_EXERCISE AIM:_
In your copy, leave out the pictures and output only the lines from the one holding "template isolat biocorpaavc" through the end of the data below, exactly.
BEGIN AVAILABLE DATA
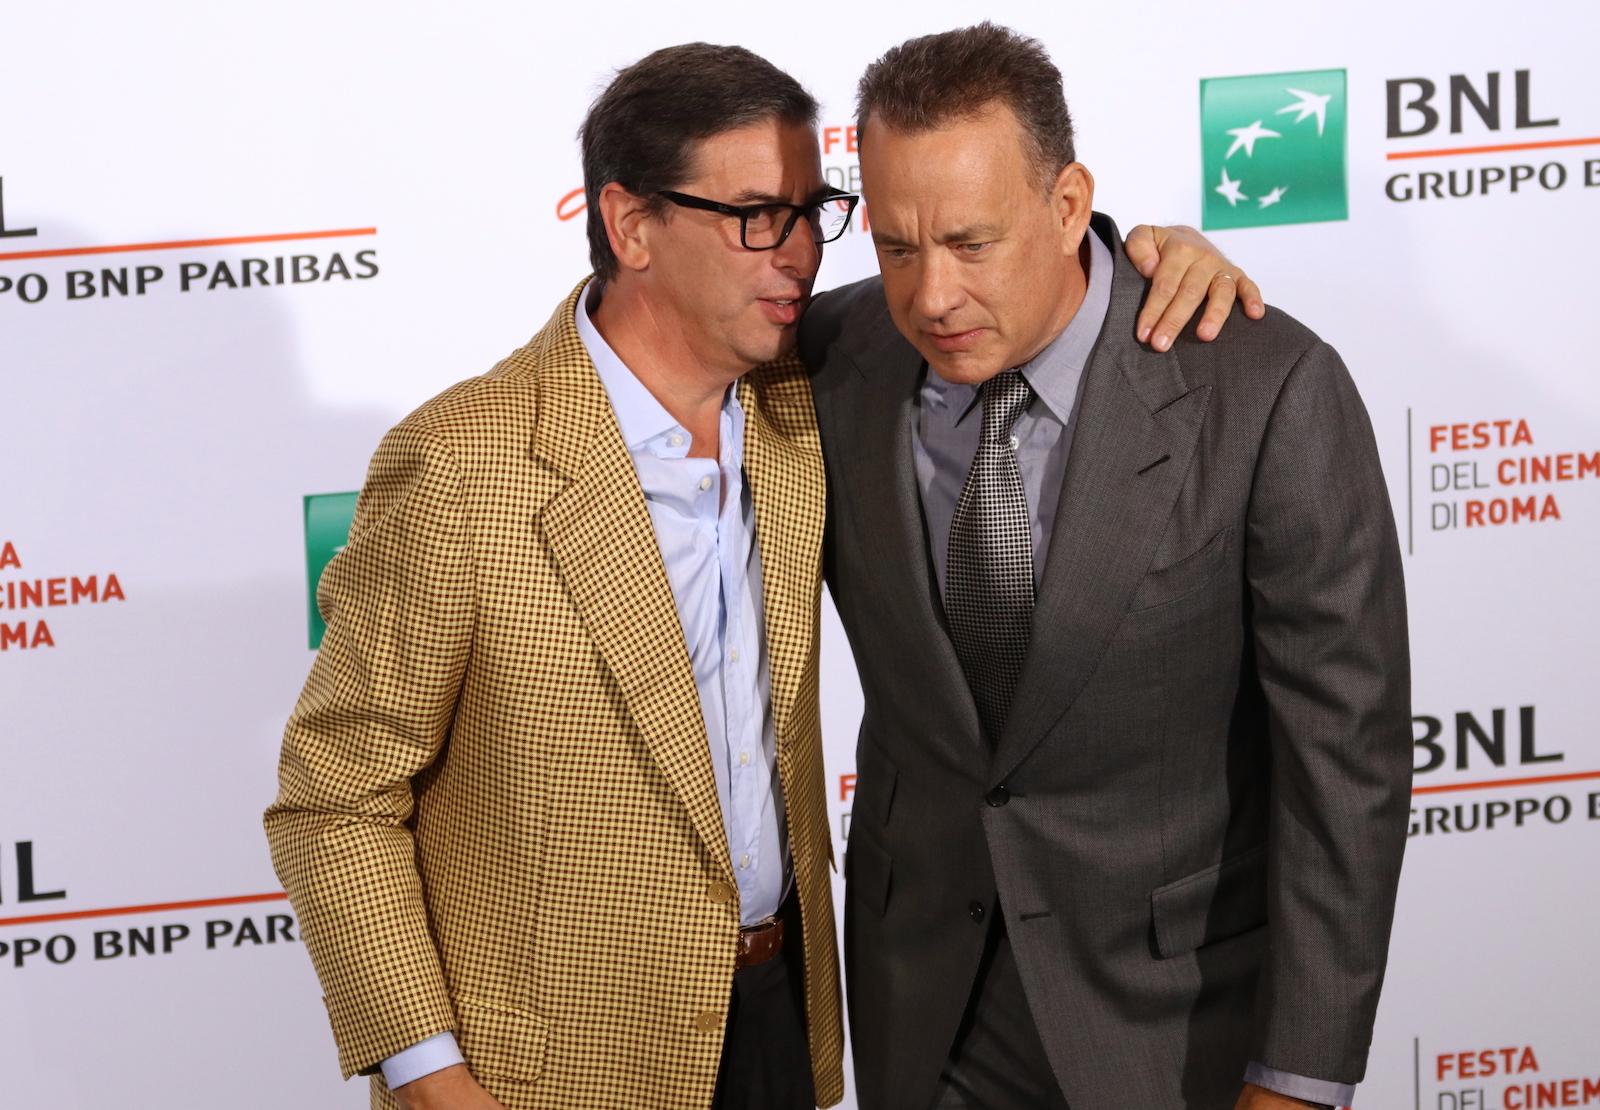 Roma 2016: Tom Hanks insieme ad Antonio Monda al photocall
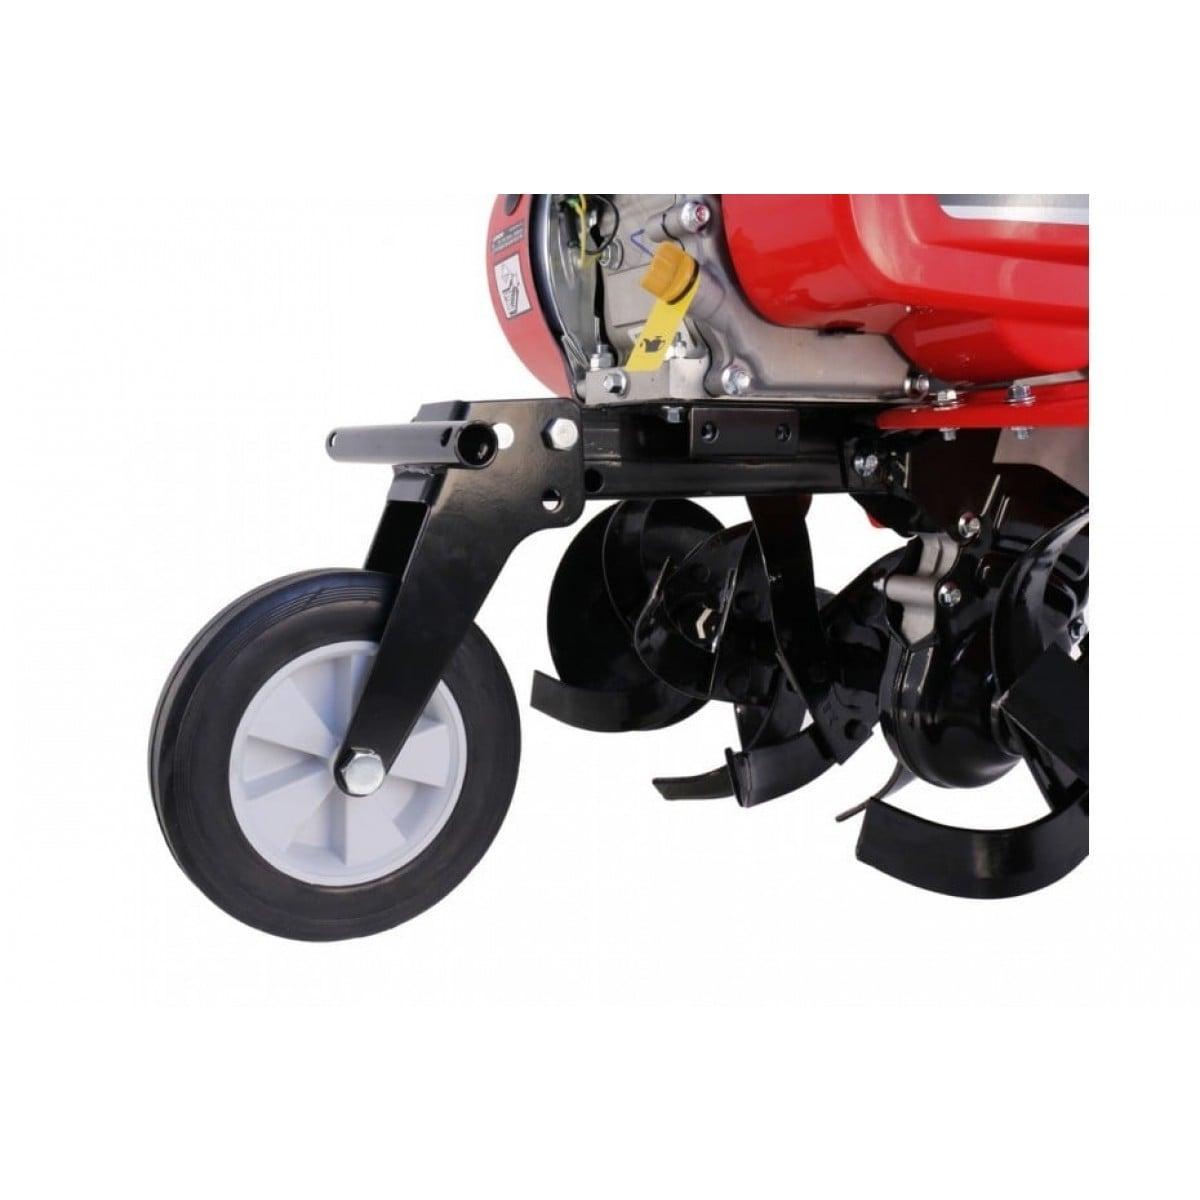 motocultor loncin lc750 7cp o mac.ro 3 2 12
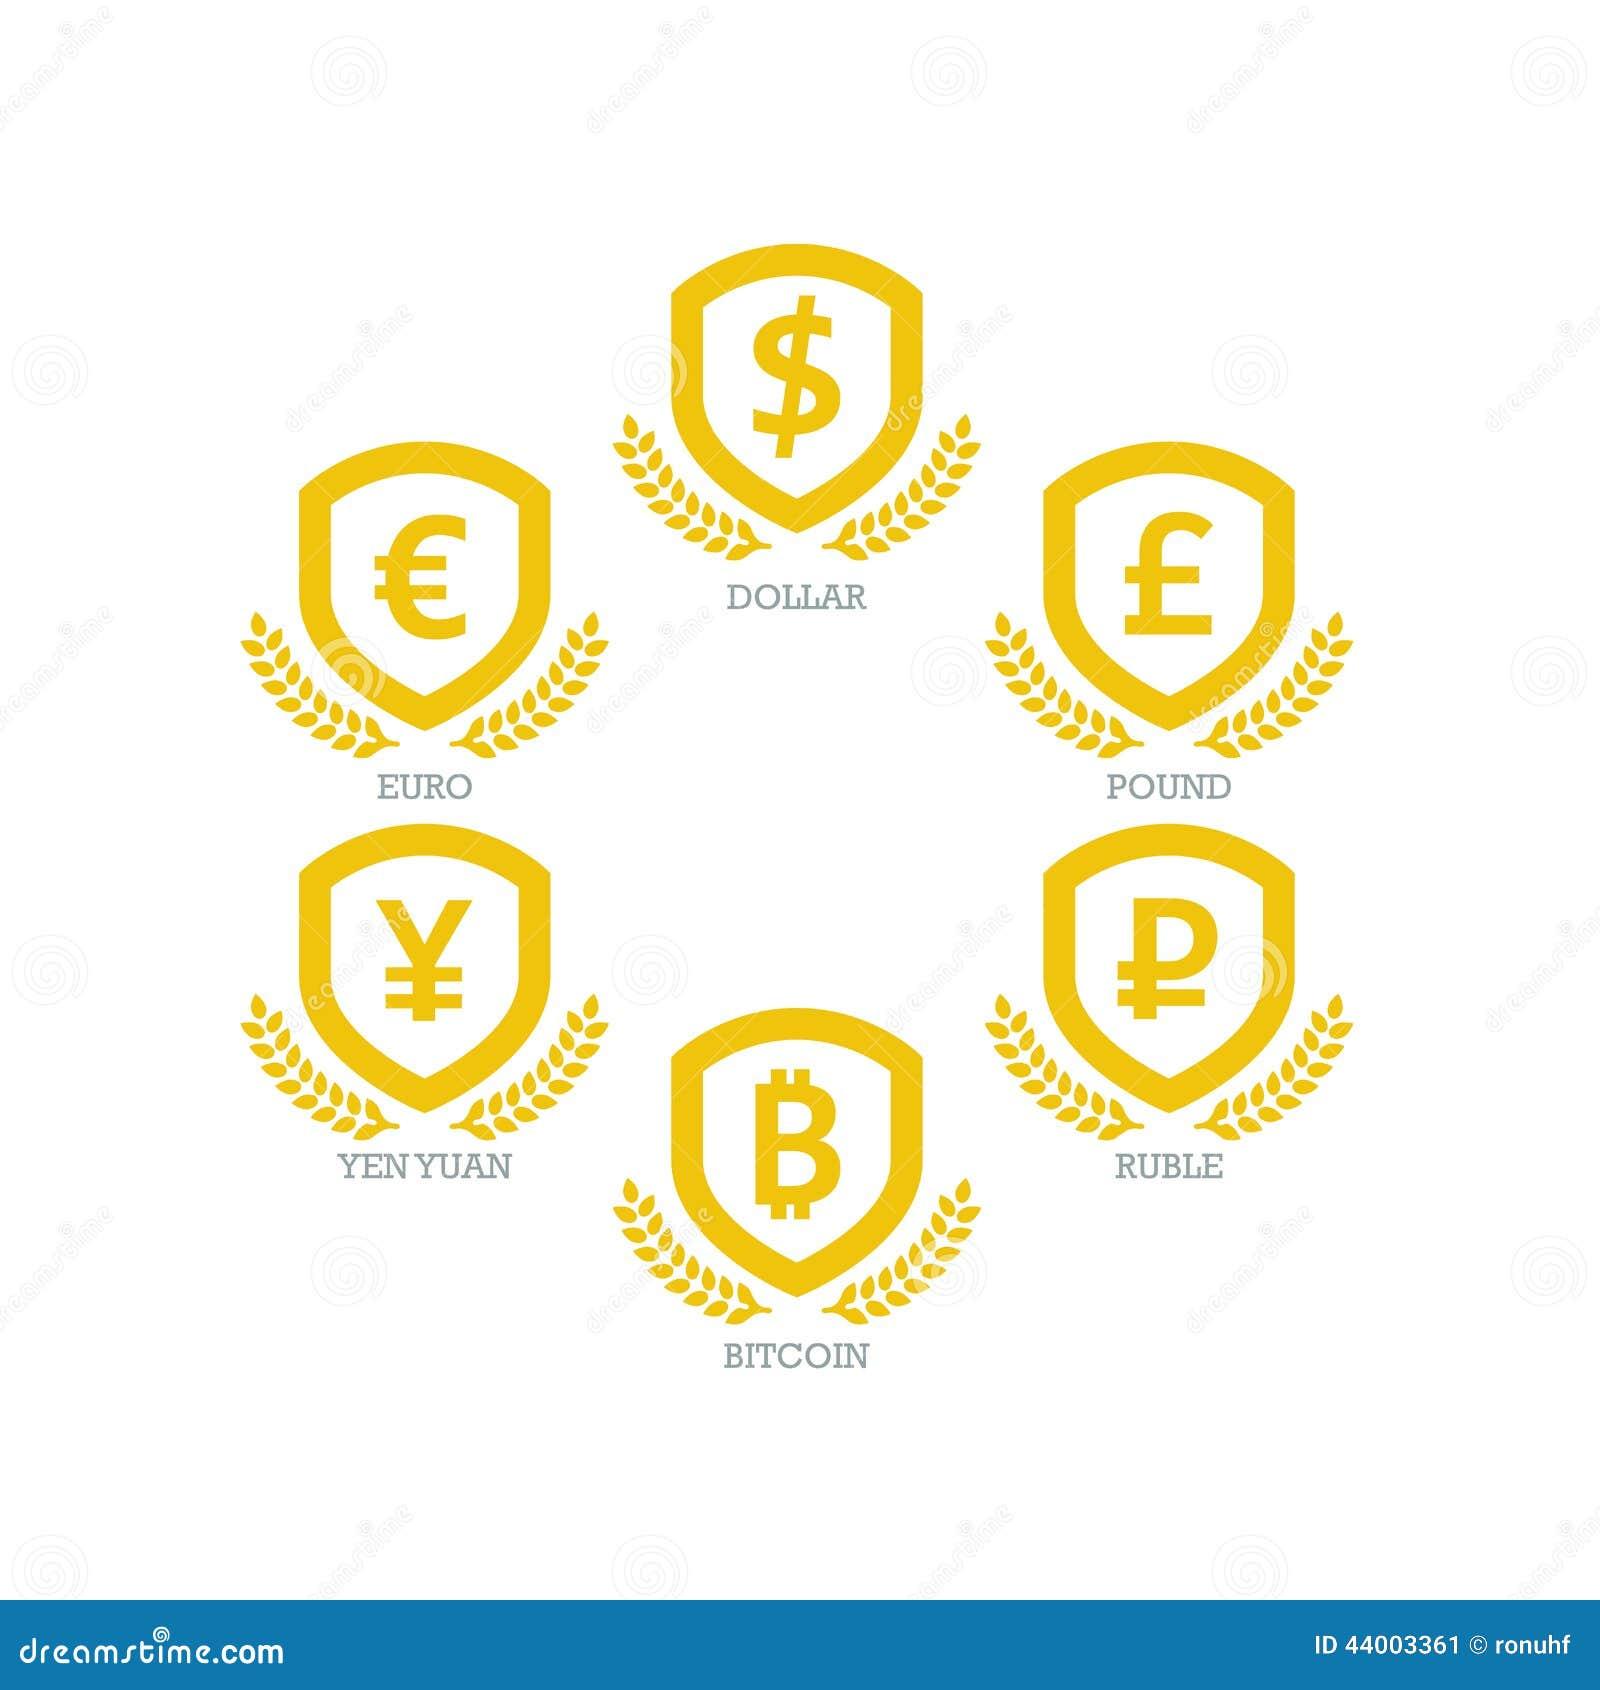 Euro dollar yen yuan bitcoin ruble pound mainstream currencies euro dollar yen yuan bitcoin ruble pound mainstream currencies symbols on shield sign vector illustration graphic template isolat biocorpaavc
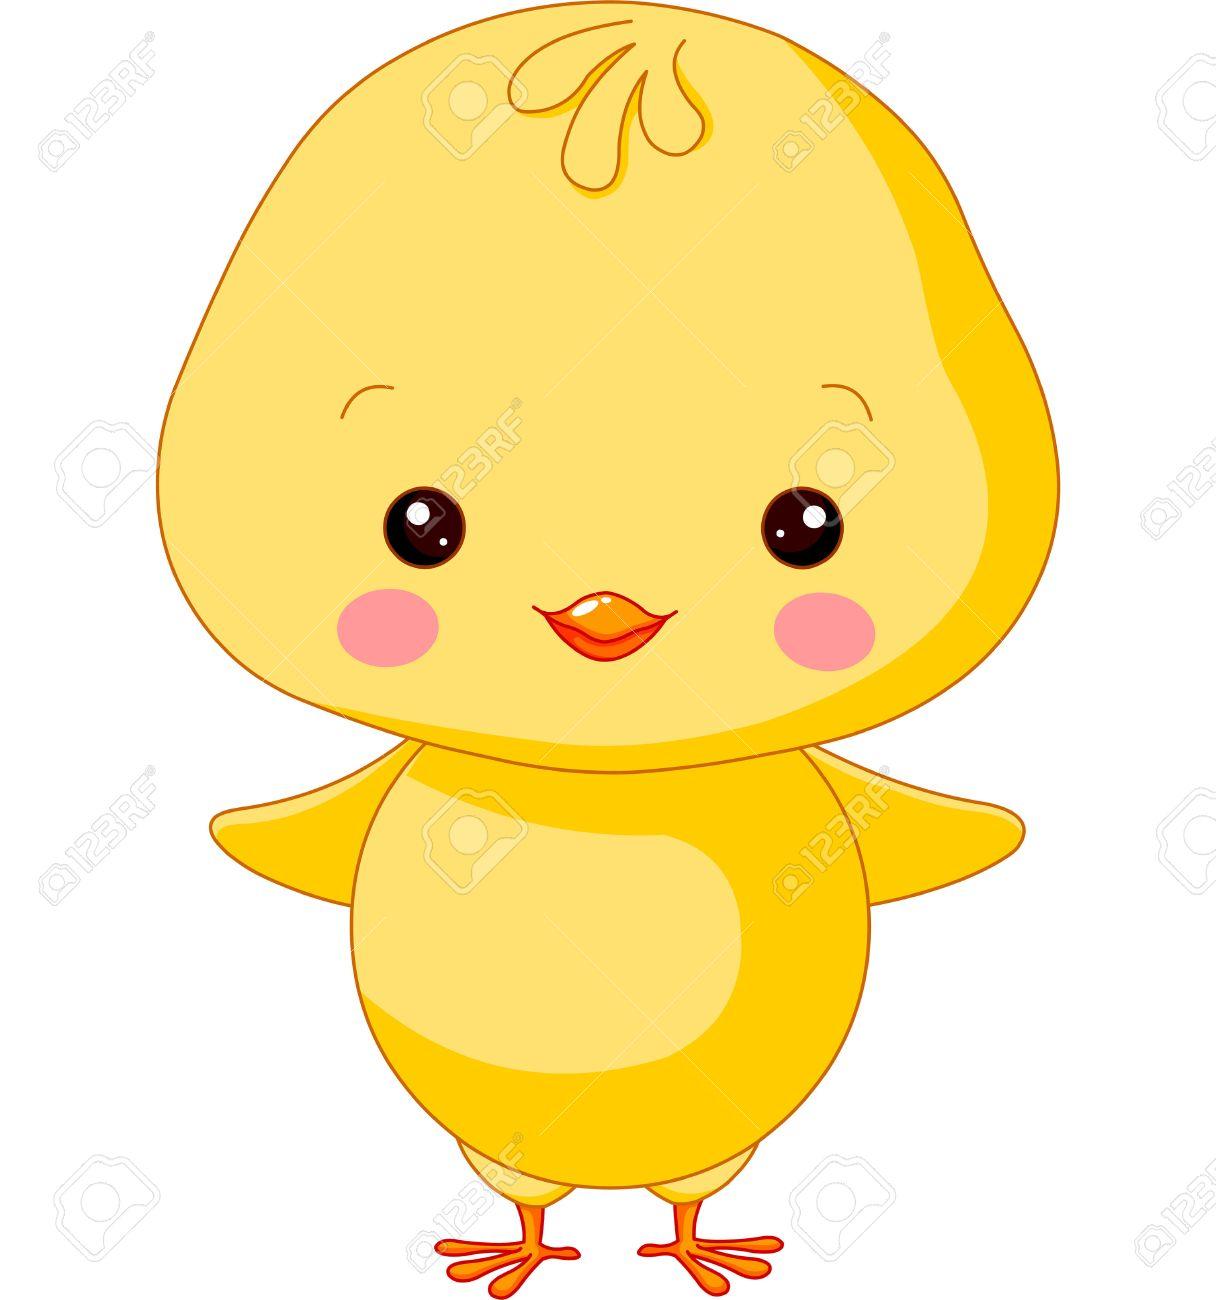 Baby Farm Animals Clip Art farm animals. illustration of cute chick royalty free cliparts
END AVAILABLE DATA
_ANSWER SECTION:_
 Euro dollar yen yuan bitcoin ruble pound mainstream currencies euro dollar yen yuan bitcoin ruble pound mainstream currencies symbols on shield sign vector illustration graphic template isolat biocorpaavc
 Baby Farm Animals Clip Art farm animals. illustration of cute chick royalty free cliparts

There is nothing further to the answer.